A copy of the listing below is needed, exact in every line and without images.

Dataset extract -

▼

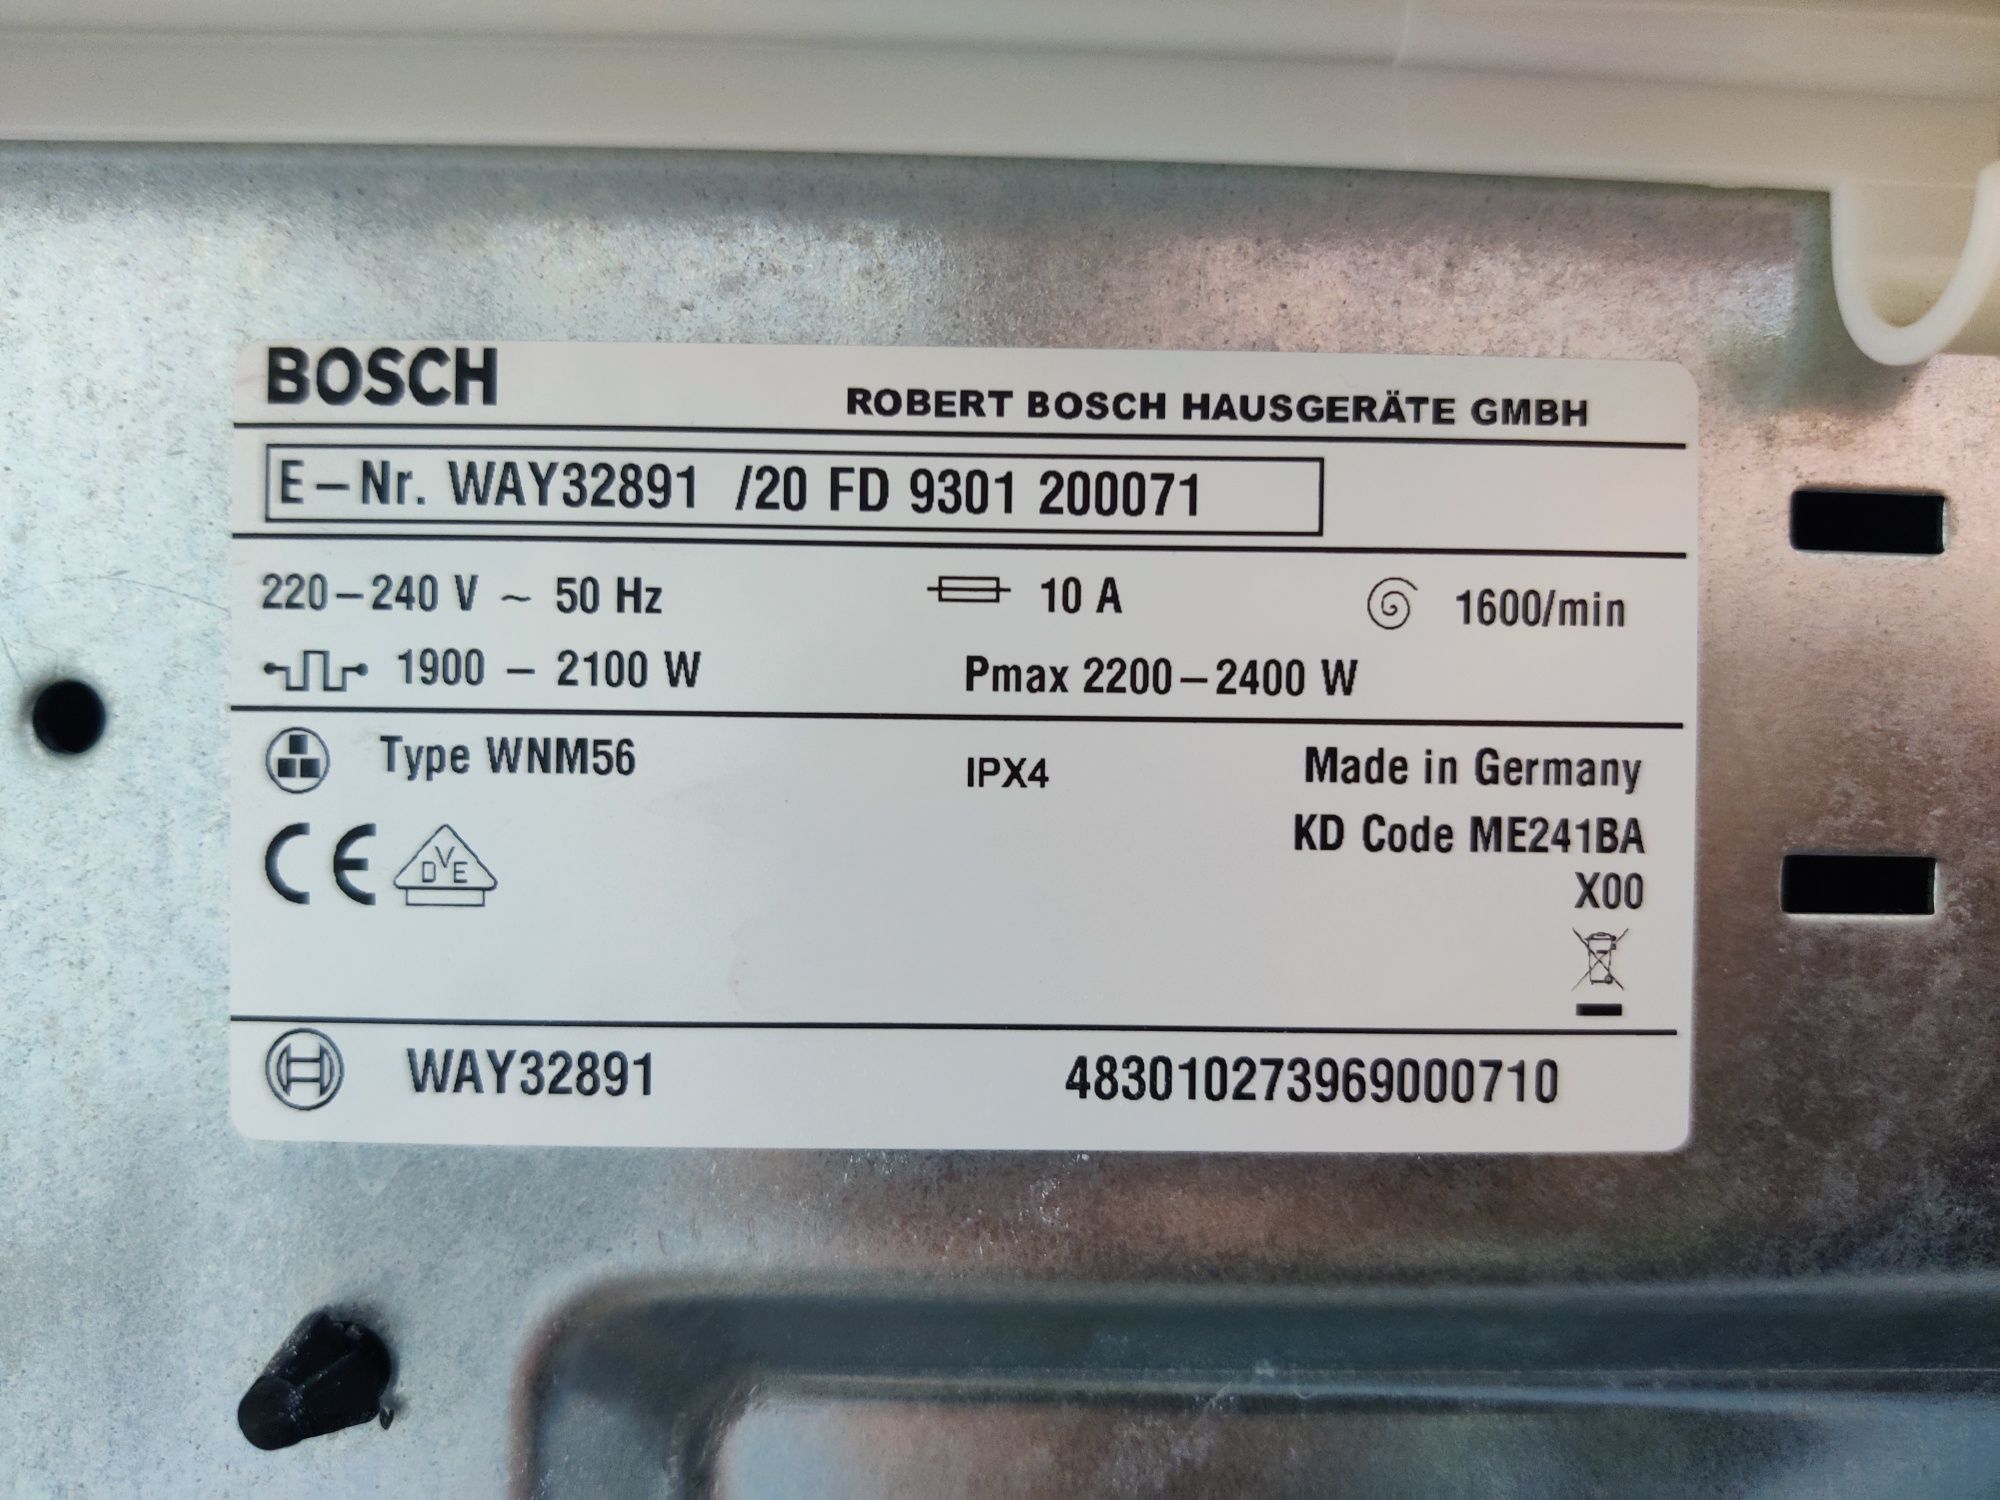 BOSCH™ Home Professional. Стиральная машина i-DoS8кг! AquaSensor.Хром!
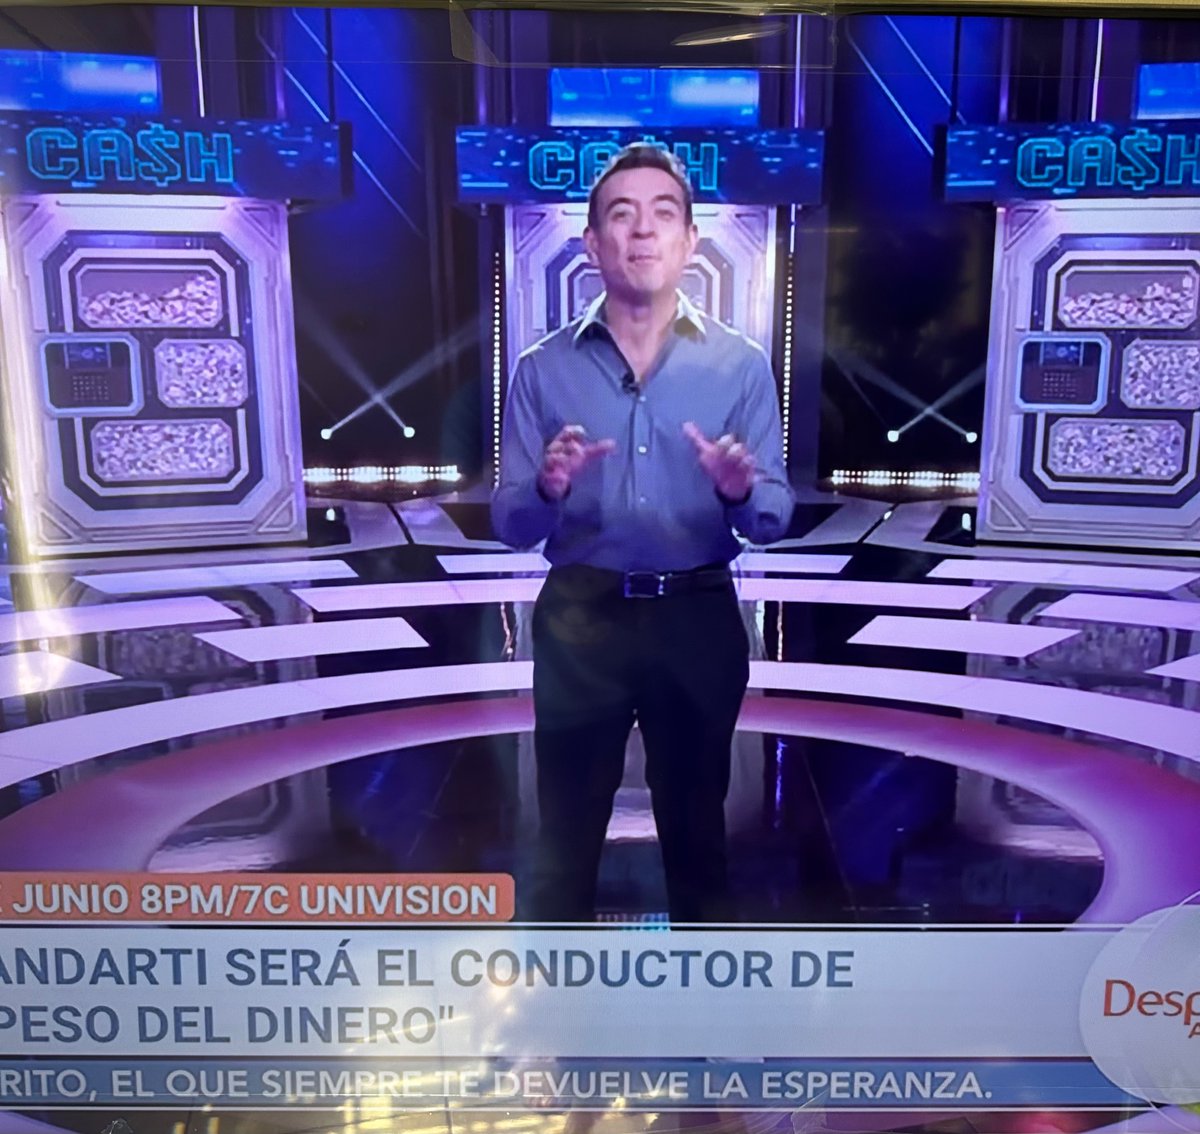 #LCDLF4

Sandarti en un nuevo show en Univision 🤭🤭

▲

Reply -
 BOSCH™ Home Professional. Стиральная машина i-DoS8кг! AquaSensor.Хром!
 #LCDLF4

Sandarti en un nuevo show en Univision 🤭🤭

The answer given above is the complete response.